Let me share a story about an old mountain minister and a young boy in the congregation.

During the children’s message this old pastor was trying to convey the sovereignty of God to his young parishioners – and to the listening ears of the rest of the congregation.  As he began his summation one precocious lad tried to chime in: “Preacher…”  The sage old minister looked at the boy, but continued with his conclusion.

Again the boy, begging for acknowledgement, said: “Preacher…”

After a third interruption the preacher finally responded: “Yes, Lad?”

The boy offered: “Preacher, I know one thang God cain’t do.”

The minister gently corrected: “No. There is nothing God cannot do.”  But the boy insisted: “But, Preacher, I know one thang God cain’t do.”

Finally relenting, the preacher inquired: “OK. Why don’t you tell us what you think God can’t do.”  The boy confidently expressed his observation: “God cain’t make your mouth no bigger without moving your ears back!”

Ah! A big mouth – the bane of many a preacher. But my ministerial colleagues and I are not the sole sufferers of this malady.  Many who sit in the pews each week also exhibit a tendency to run at the mouth. And so do many who never darken a church doorway.  It is a common affliction.

The great 14th Century theologian-Reformer, John Wycliffe – most renowned for being the first to translate the Bible into English – recognized the power of the tongue:

“The tongue breaks bone, although the tongue itself has none.”

Similarly, James, the brother of the Lord Jesus wrote:

“Likewise the tongue is a small part of the body, but it makes great boasts. Consider what a great forest is set on fire by a small spark.

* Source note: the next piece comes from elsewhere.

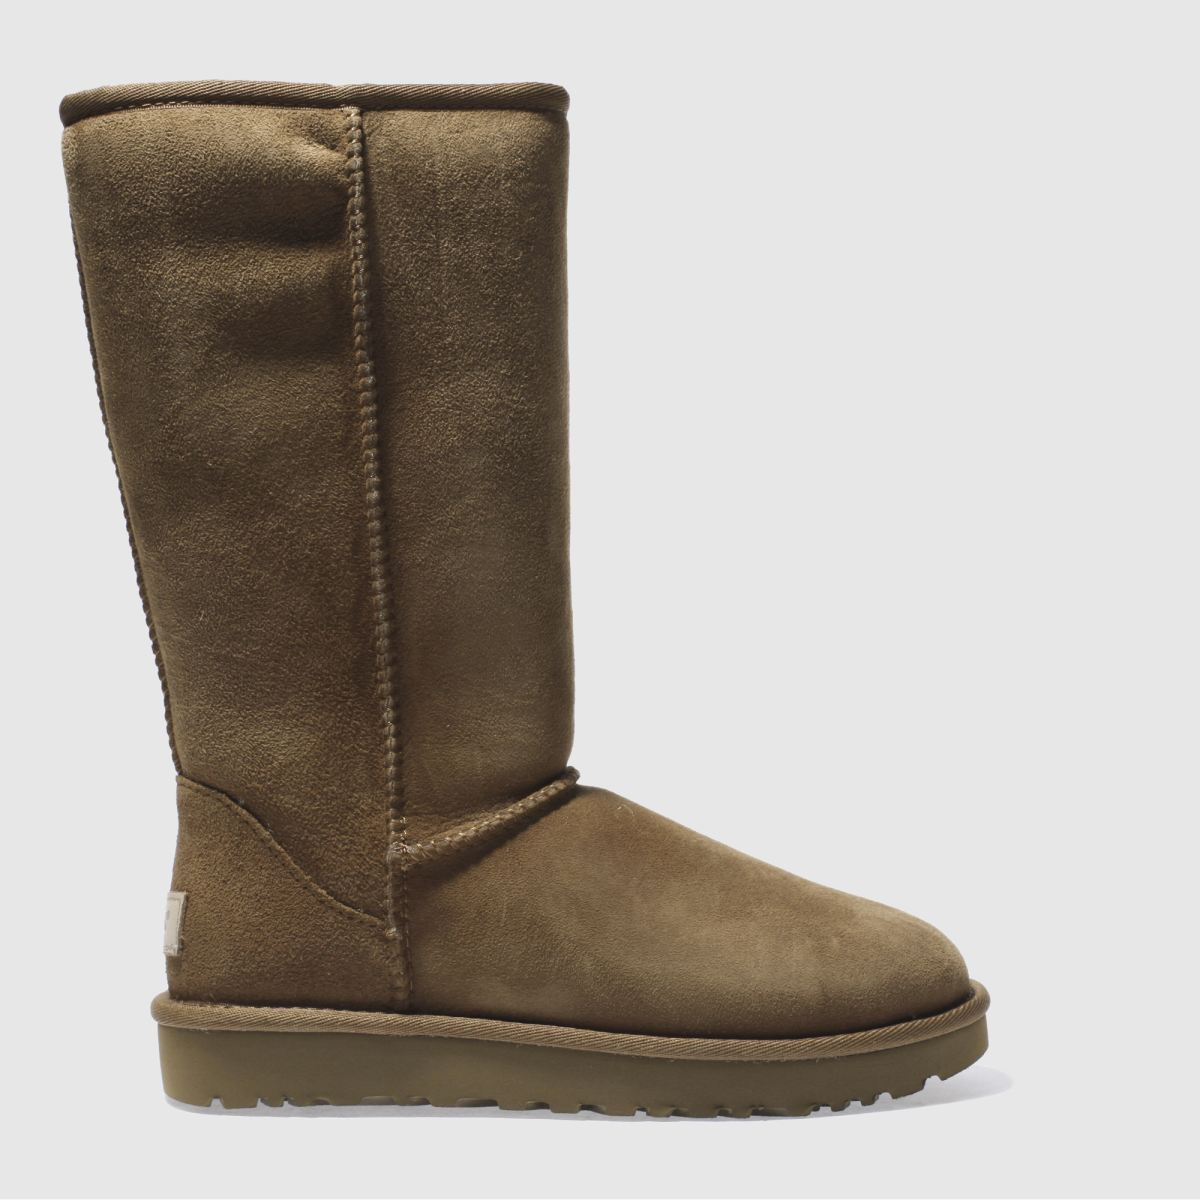 Ugg Tan Classic Tall Ii Boots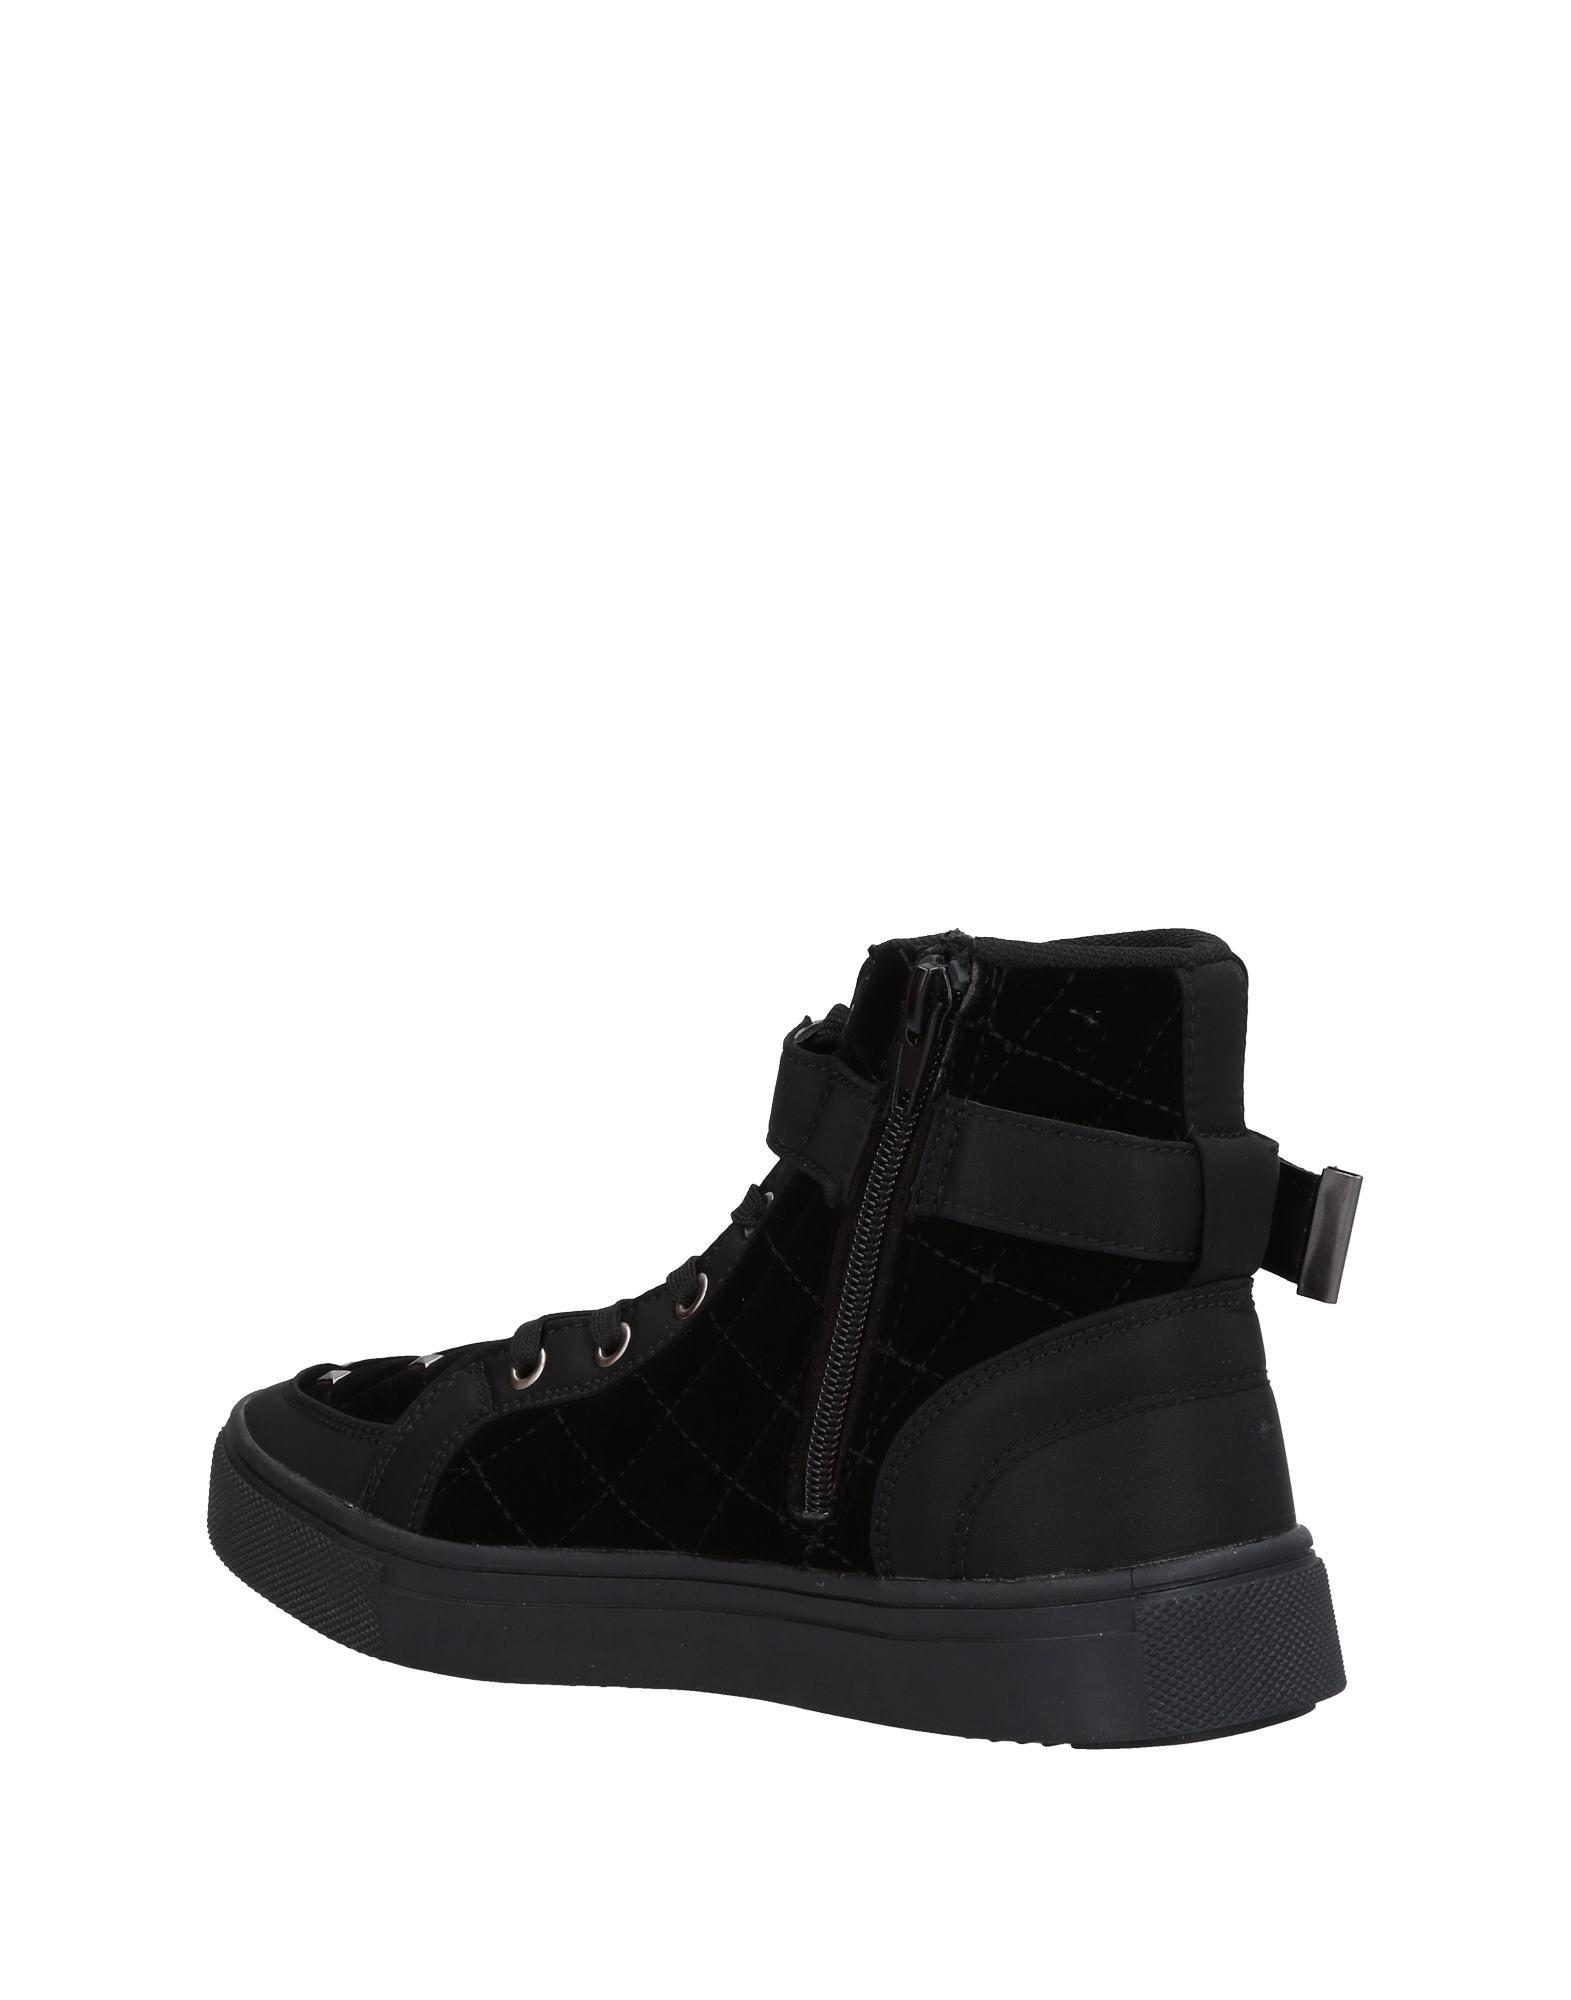 Sneakers Tua By Braccialini Femme - Sneakers Tua By Braccialini sur

The tongue also is a fire, a world of evil among the parts of the body. It corrupts the whole person, sets the whole course of his life on fire, and is itself set on fire by hell. All kinds of animals, birds, reptiles and creatures of the sea are being tamed and have been tamed by man, but no man can tame the tongue. It is a restless evil, full of deadly poison.” (James 3.5-8)

I suspect more carnage has been caused by the destructive power of loose and lying tongues than by any war.  The spark of a little gossip fans into flame, the fire spreads, resulting in inestimable damage.

But it doesn’t have to be that way.  Proverbs 12.8 tells us:

“Reckless words pierce like a sword, but the tongue of the wise brings healing.”

Do you see that?  With a simple conscious adjustment of the employment of our tongues we can be transformed from destroyers to restorers.

What great news! At least it would be, except, according to James, “no man can tame the tongue”.  What could he possibly mean?

James is revealing that mere will-power cannot lead to the radical change we need. No doubt a conscious effort will generate some behavioral improvement. But our condition is more chronic than most imagine. Jesus tells us the root of our problem is spiritual not muscular. (Mark 7.21-23)  It’s like trying to domesticate a wolf – eventually the true nature will re-emerge.  In fact, James says though man may tame wild animals, the tongue will still not be tamed. Not by our own effort, anyway.  The true nature eventually resurfaces.

No need to despair.  The power for transformation is found in Jesus.  When we embrace Jesus, as he is offered in the gospel, everything changes.  Our minds and hearts are renewed, so we begin to think and desire differently.  And out of renewed hearts come redeeming words.  As the psalmist discovered:

“The mouth of the righteous man utters wisdom, and his tongue speaks what is just.” (Psalm 37.30)


NOTE: This post first appeared as an article for a column in the Bristol Herald Courier.